Thursday, September 6, 2007

Thoughts & Ramblings

For awhile everyone asks if you're OK,
But nobody prepares you for the pain that sets in
once the denial has faded away.
For awhile everyone asks if there's anything they can do
But by the time you can think of anything everyone else has moved on.
In the back of your mind, realistically, you know that Mothers are not immortal.
But you don’t expect them to die so young.
You never expect to be the one left behind to try to pick up the shattered pieces,
To do as everyone tells you and “move on” because there is no moving on.
Maybe it gets better, I still haven’t figured that one out yet.
Maybe, as everyone says, time heals; but when? How much time?
My mother taught me so much in life but now that she’s gone,
I realize there are so many things she never taught me.

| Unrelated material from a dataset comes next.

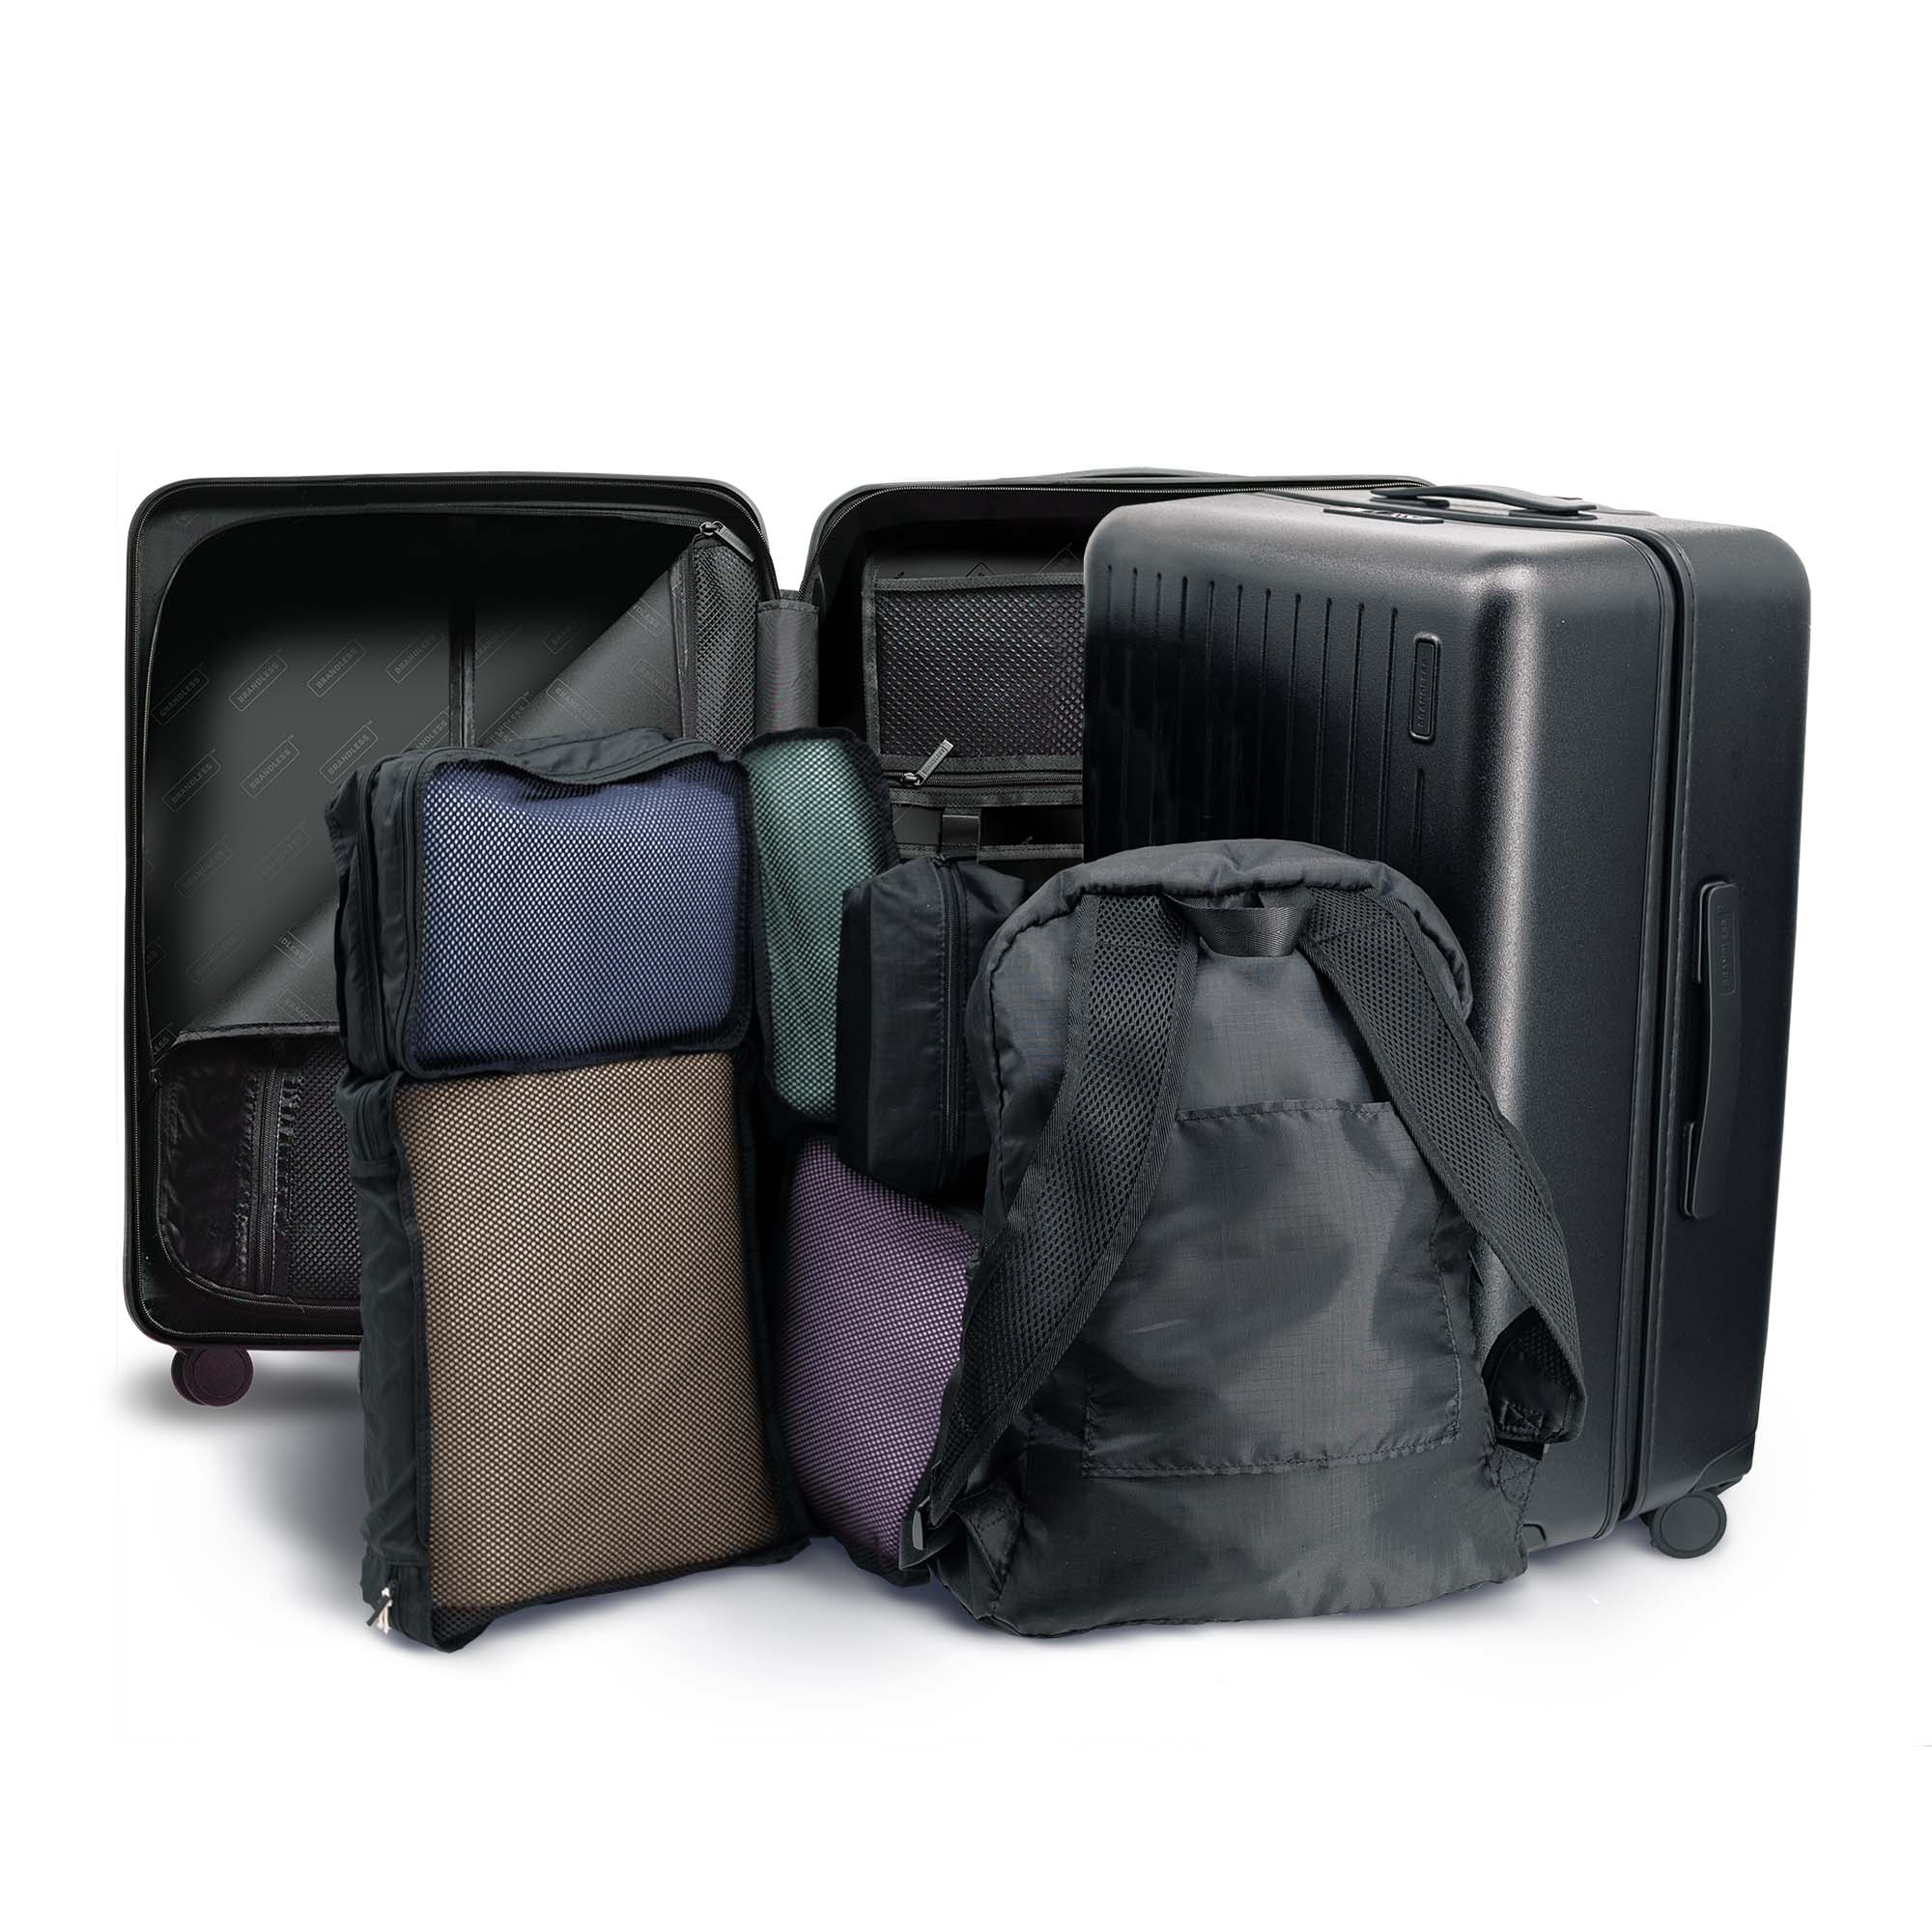 Bundle image, showing 2 checked luggages, foldable backpack, set of travel cubes, and travel pouch.

She didn’t teach me how to deal with the pain of losing her,
She didn’t tell me about the huge hole that would form in my heart,
or the void that would fill my soul.
She never prepared me for all the things she might never be here for.
We always talked about “When” I graduated college
“When” I got married and had kids, and her grandkids.
But those things will never happen, oh well they’ll happen but she won’t be there.
She didn’t tell me that when I wanted to talk about her constantly
or to share my pain with someone, anyone, that understood; that no one would.
She never taught me how much it hurts when the rest of your family starts telling you that you should be “over it.”
How do you get over it? How do you even get to a place where you can be OK?
I never knew how much I would miss the little things, her hugs & kisses, her voice, her laughter, her smile.
And I certainly never grasped how much I would miss the bigger things, her wisdom, her advice, just being a shoulder to cry on when everything seemed to be falling apart, her unconditional love .
I still don’t know how I’m going to face the rest of my life without her in it.
And there are still so many days that I don’t even want to try.
But I know I have to go on, to continue to make her proud;
And I hope she’s looking down on me and smiling, watching over me.